Battery terminals are the electrical contacts used to connect a load or charger to a single cell or multiple-cell battery. These terminals have a wide variety of designs, sizes, and features that are often not well documented.

==Automotive battery terminals==
Automotive batteries typically have one of three types of terminals.

In recent years, the most common design was the SAE Post, consisting of two lead posts in the shape of truncated cones, positioned on the top of the battery, with slightly different diameters to ensure correct electrical polarity.

The "JIS" type is similar to the SAE but smaller, once again positive is larger than negative but both are smaller than their SAE counterparts. Most older Japanese cars were fitted with JIS terminals.

General Motors, and other automobile manufacturers, have also begun using side-post battery terminals, which consist of two recessed female 3/8" threads (SAE 3/8-16) into which bolts or various battery terminal adapters are to be attached. These side posts are of the same size and do not prevent incorrect polarity connections.

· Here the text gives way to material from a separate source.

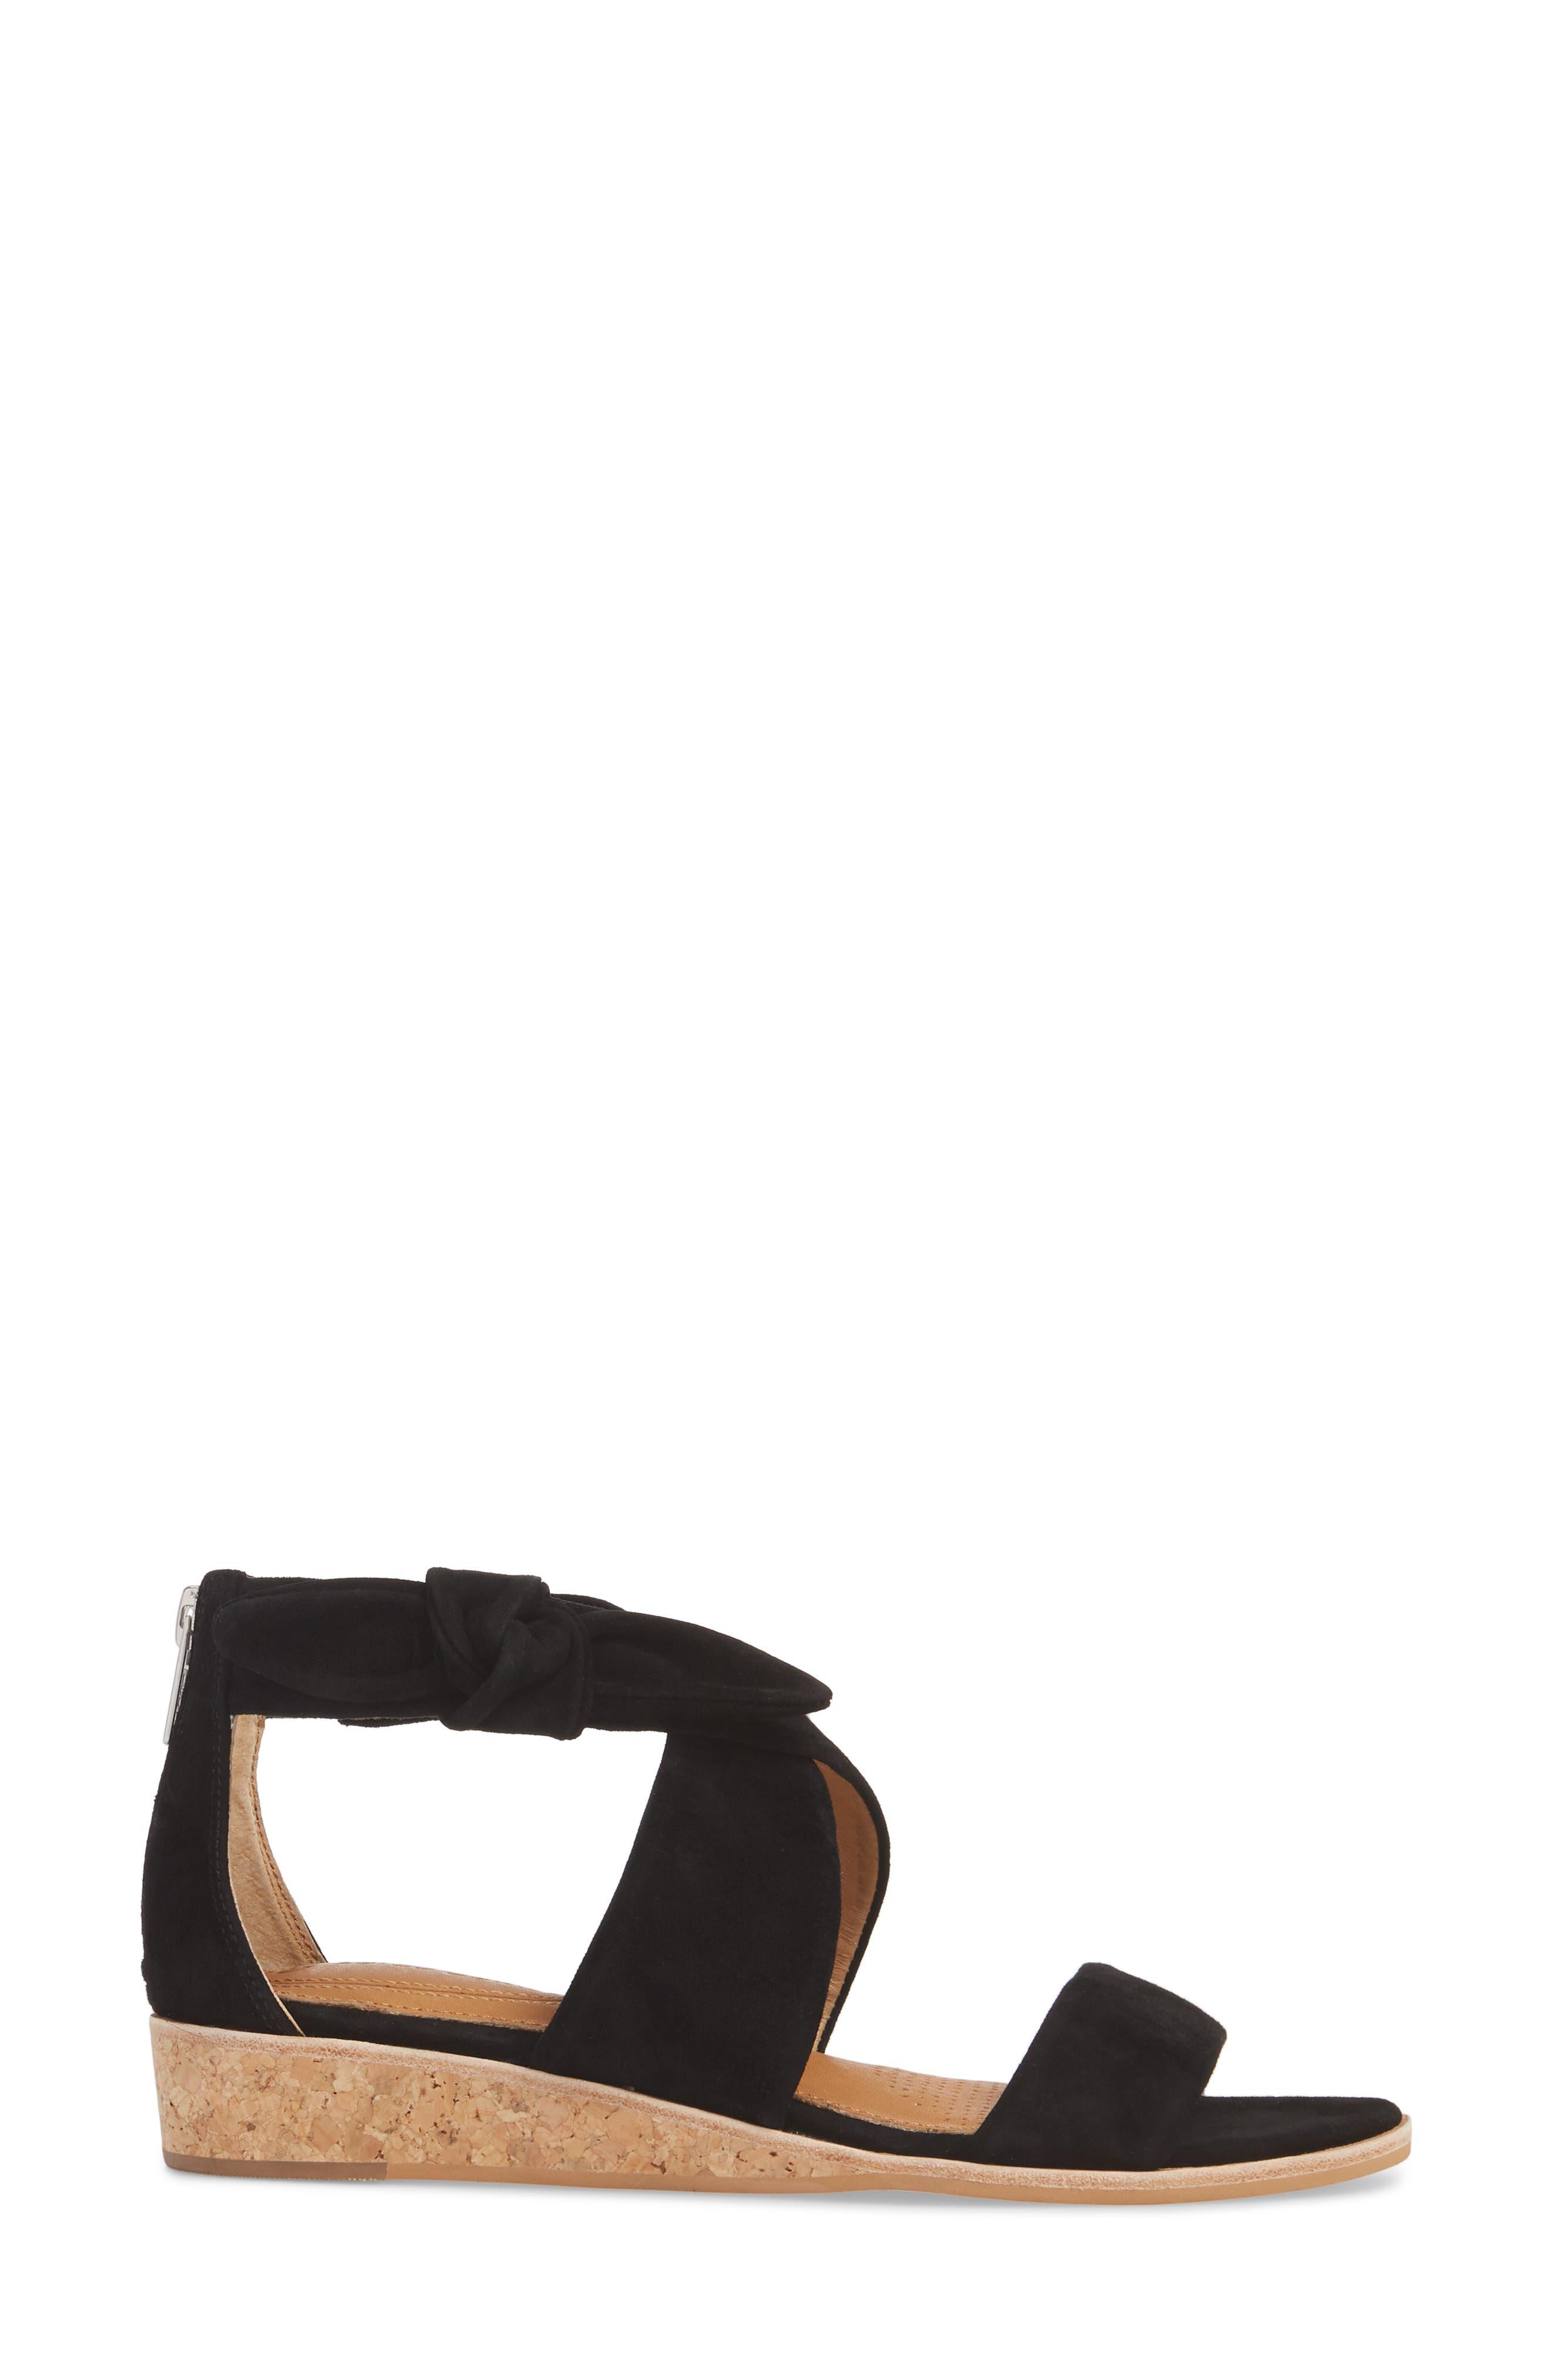 Rasque Sandal,                             Alternate thumbnail 3, color,                             BLACK LEATHER

L terminals consist of an L-shaped post with a bolt hole through the vertical side. These are used on some European cars, motorcycles, lawn and garden devices, snowmobiles, and other light-duty vehicles.

Some batteries sizes are available with terminals in many different configurations, but two main configurations are:
1. positive on left and negative on the right corner
2. negative on the left and positive on the right corner.
Terminals can also be both on the long or short side of the battery, or diagonally opposed, or in the middle.
Purchasing the wrong configuration may prevent battery cables from reaching the battery terminals.

==Marine battery terminals==
Marine batteries typically have two posts, a 3/8"-16 threaded post for the positive terminal, and a 5/16"-18 threaded post for the negative terminal.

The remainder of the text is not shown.